Yes matter falling together drives the sun and the entropic scattering of light. But if there isn't enough matter falling together, that doesn't happen.

Yes humans can think about how we interact and create fairer systems, but if we don't put in the effort, that won't happen.

Like the sun, we have an informational-energetic purpose.

Part of our purpose, I would argue, is creating the kind of fairness we sense the absence of - which sensing and fixing takes the kind of mental ability humans have.

A key to fairness is that it's actually a game concept. Something is only fair with reference to certain categories, rules, and expectations. Without those categories, rules, and expectations, "fair" doesn't really compute. (By this way of thinking, law is a game - which may seem objectionable until you realize that every jurisdiction and every state has its own set of rules, and these are - or should be - balanced and adjusted for fairness like the ruleset of a game made for entertainment or art. The level of seriousness and life-and-death is very different, but we're talking about the same larger category of thing: a ruleset for human/sentient interaction.)

Many people think fairness doesn't exist, is imaginary, is an ideal. I'd say that actually it is a ludic concept - a concept rooted in games, participants, virtuality, categories, and information itself.

In other words, it's real when you get to information theory and considerations of entropy.

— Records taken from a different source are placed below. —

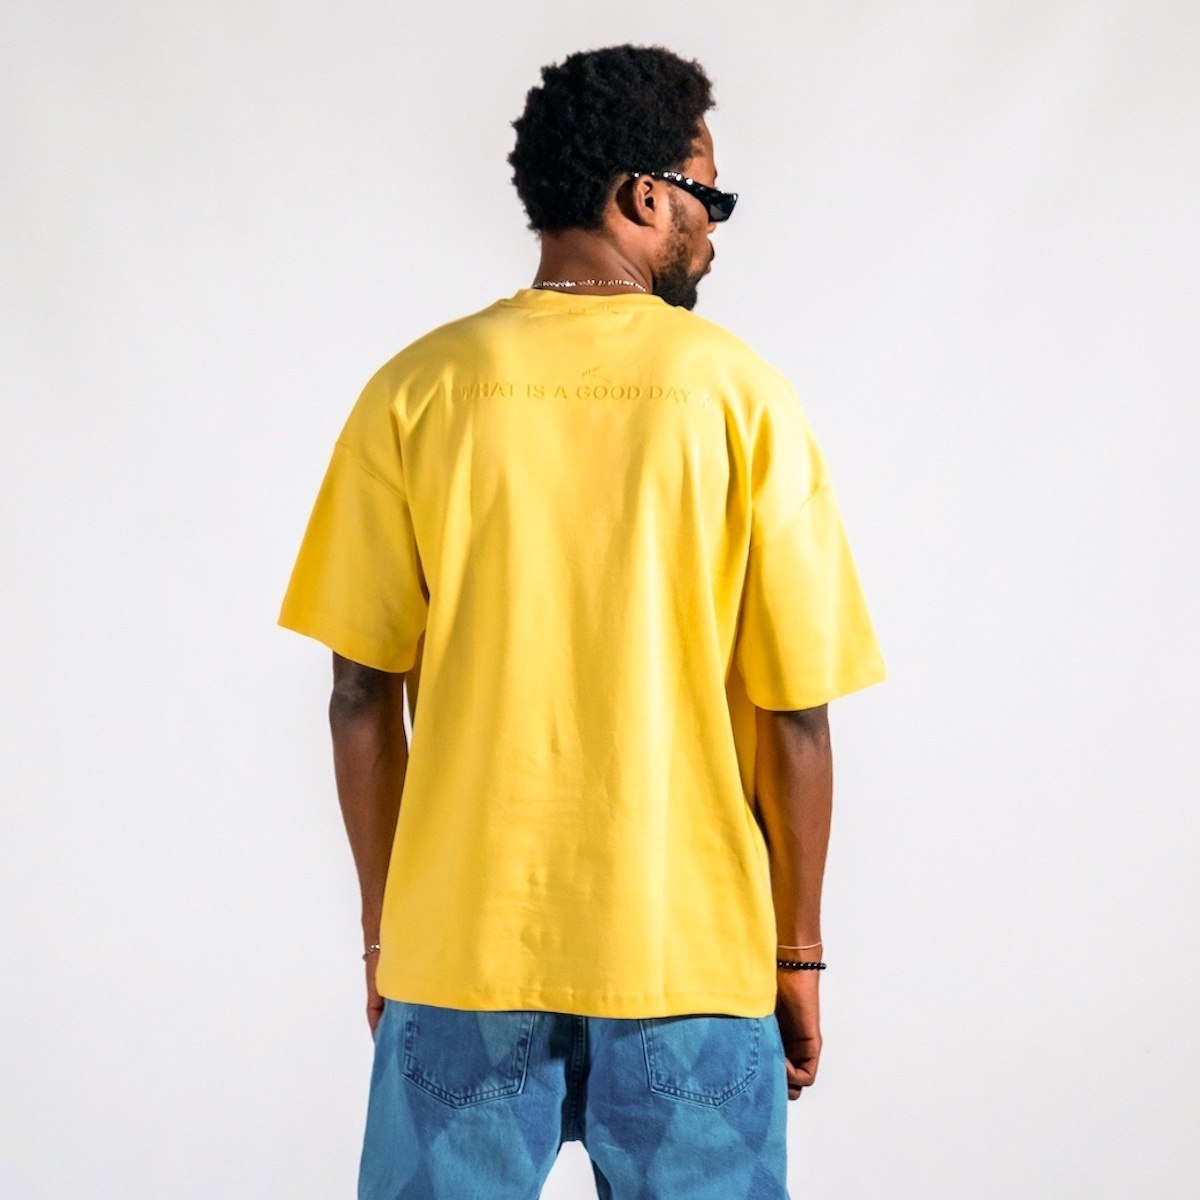 "Freiheit" Herren Bedrucktes Oversize T-Shirt aus dickem Stoff in Gelb | Martin Valen
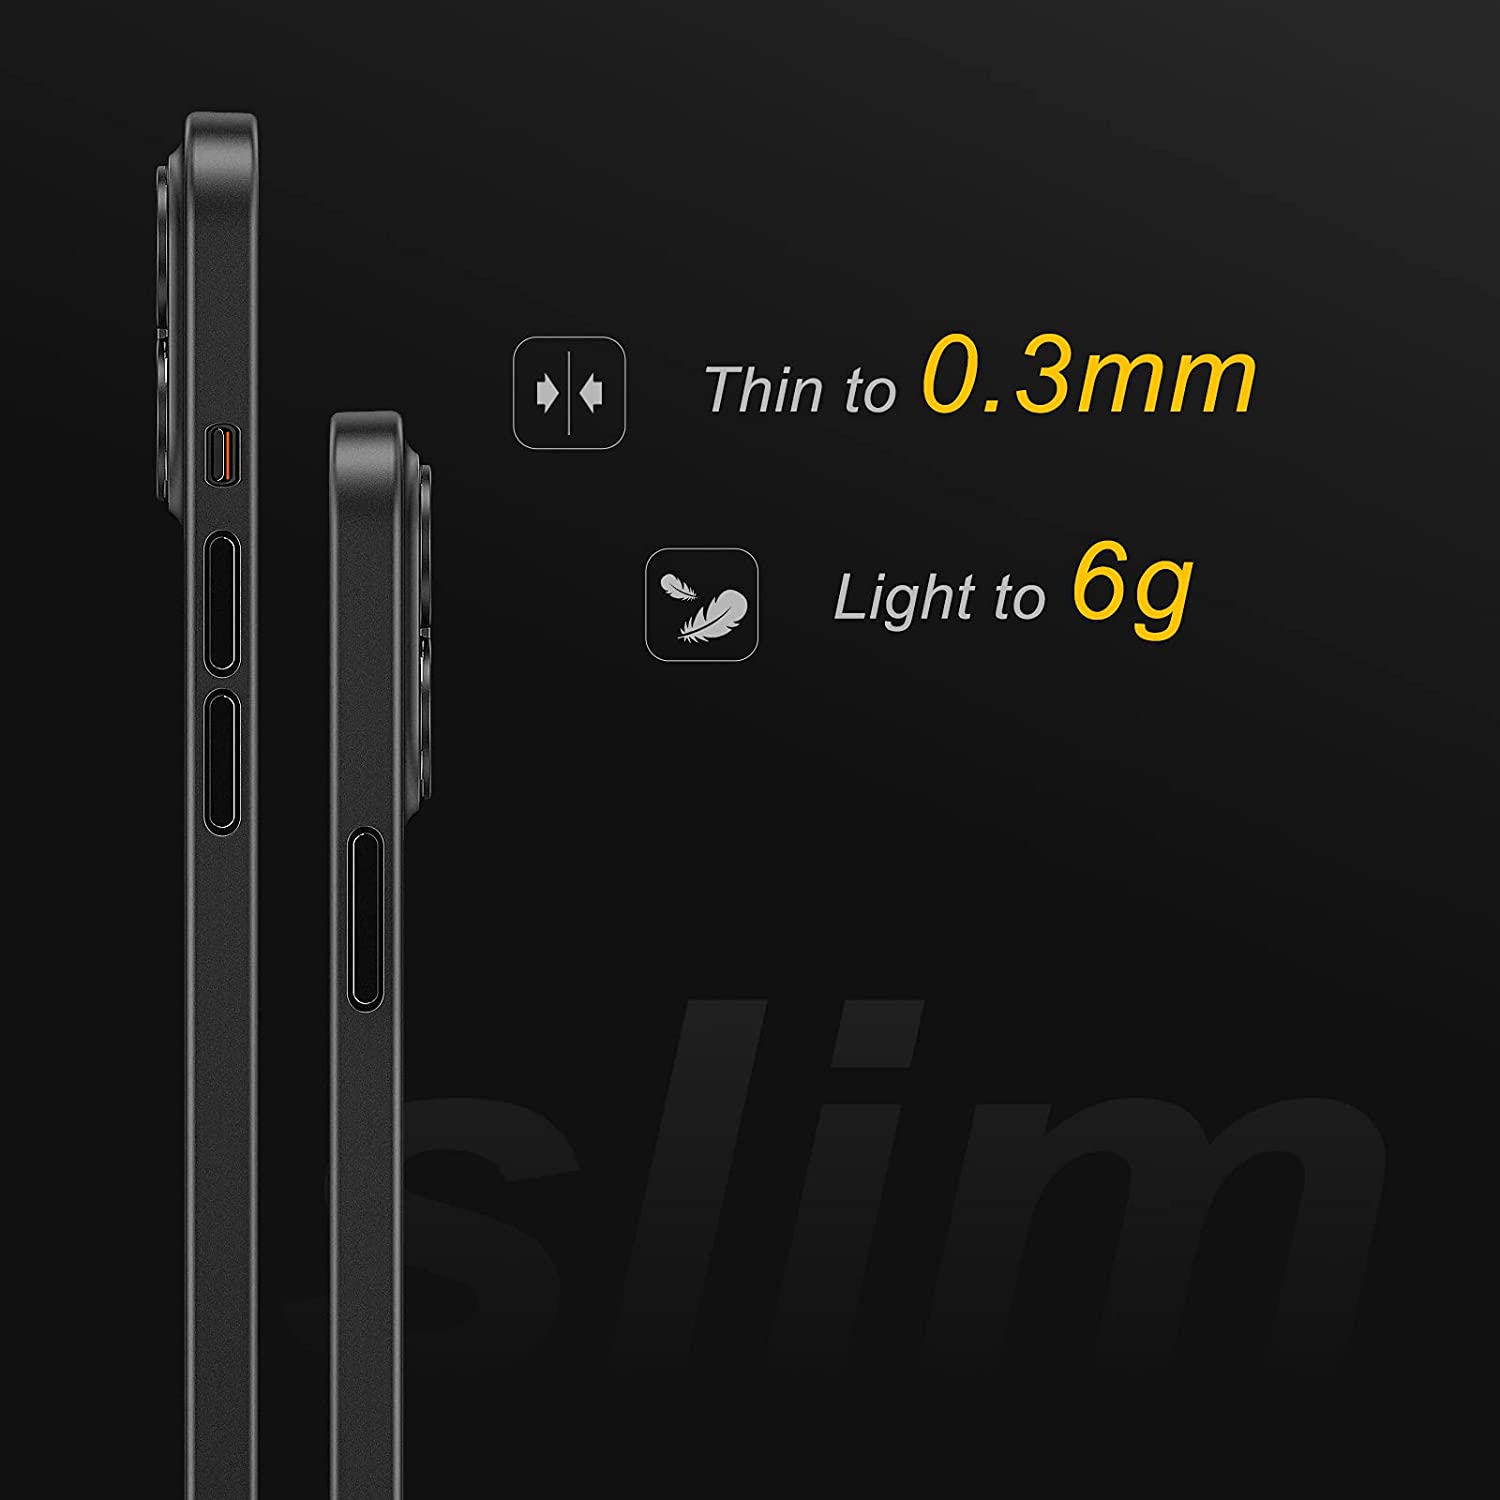 Ốp lưng chống sốc siêu mỏng 0.3mm cho iPhone 13 Pro hiệu Memumi mặt lưng nhám mềm mịn - hàng nhập khẩu
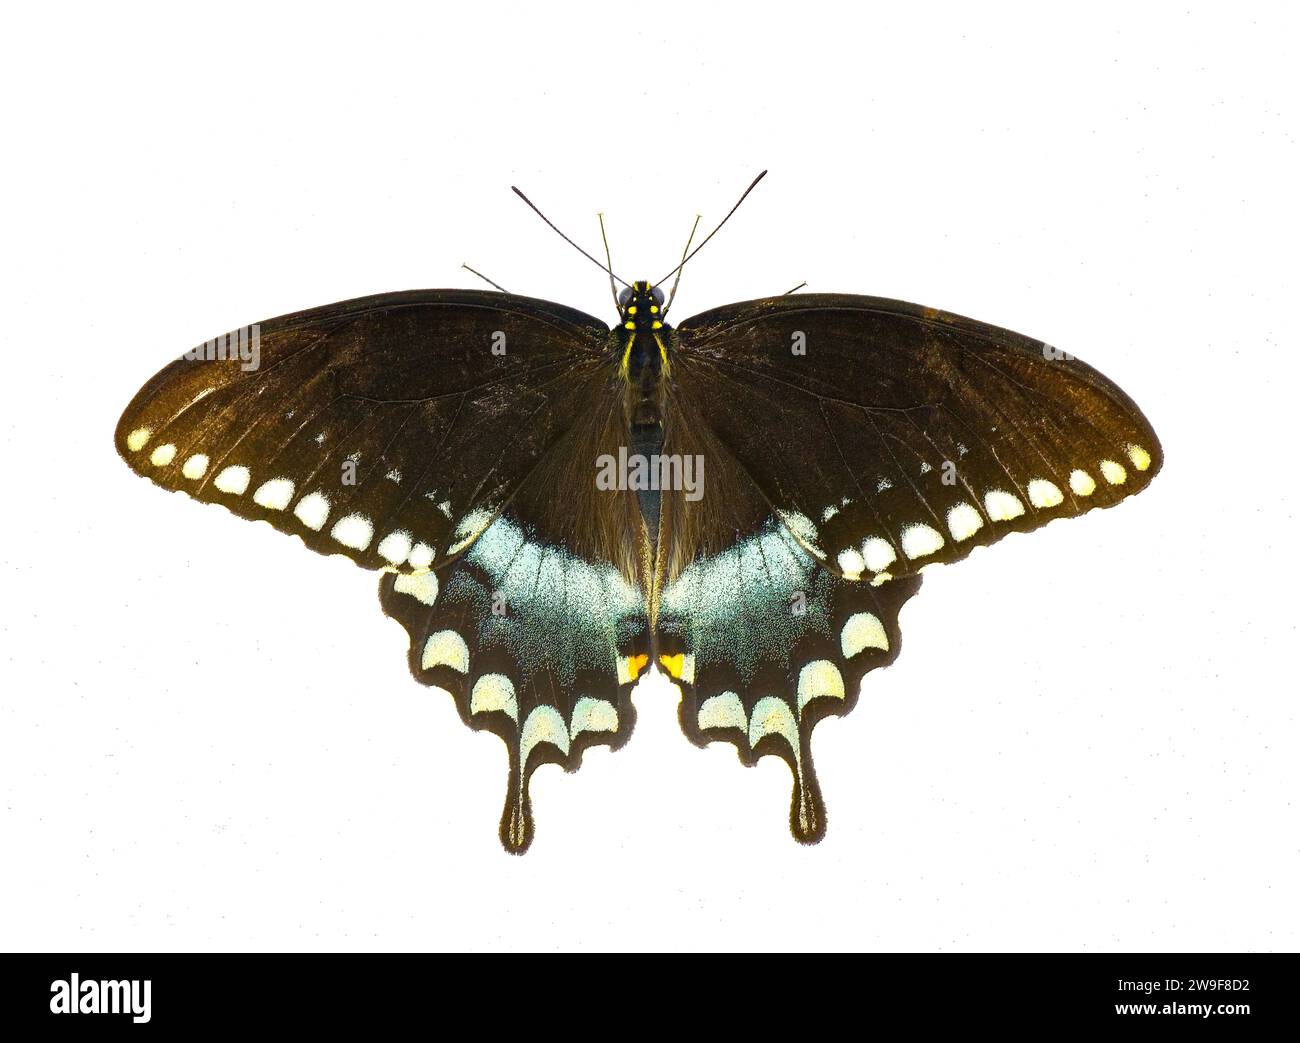 La coda di rondine a coda di rondine o la farfalla nuvolosa verde - Papilio troilus ilioneus - la sottospecie della penisola della Florida isolata su sfondo bianco Foto Stock

From a game design standpoint, a desirably well-balanced game is fair - or at least fairer - and more fun - and will consequently encourage the most participation. (Nobody except exploiters - and maybe sometimes game designers and playtesters, for the R&D - likes to play an unfair or broken game. Players tend to quit when they realize a game is unfair or broken. Citizens facing an unfair society can behave similarly for similar reasons, as we know.) And curiously enough, a game with full participation from more participants also happens to be more entropic - the players are freer individually to choose their roles and approaches, and also freer to trade places. Those extra degrees of freedom bring measurable entropy. And this is much like how a scuba tank with O2 molecules evenly mixed and distributed throughout via their "exploration" of the space is more entropic (and "fairer") than a scuba tank with O2 molecules clumped up somewhere, barely moving because they're frozen or trapped. Nature "wants" participation. The drive toward entropy is also a drive toward fairness and inclusion.

The desire for freedom itself is, if you ask me, part of nature's drive toward entropy, fairness, and inclusion, and this is the basis for human rights.

Games that are fair and participatory please us. I'd say this is because they help entropy along, and on some level we have evolved to sense this. A fair group is a sustainable group is a group that'll go through energy in the way that produces the most entropy efficiently over the longest time. (Eating enough - but not too much - also helps entropy along. It's the same with other healthy instincts when they're working - in each case, it's easy to see how they help entropy along.)

So. Want to solve big social problems? Get more people to work on that. Want more people working on that? For one thing, get more people voting. Want more people to vote? Make voting and government fairer. It seems to be "what nature wants." But we are part of nature, and sometimes it's on us.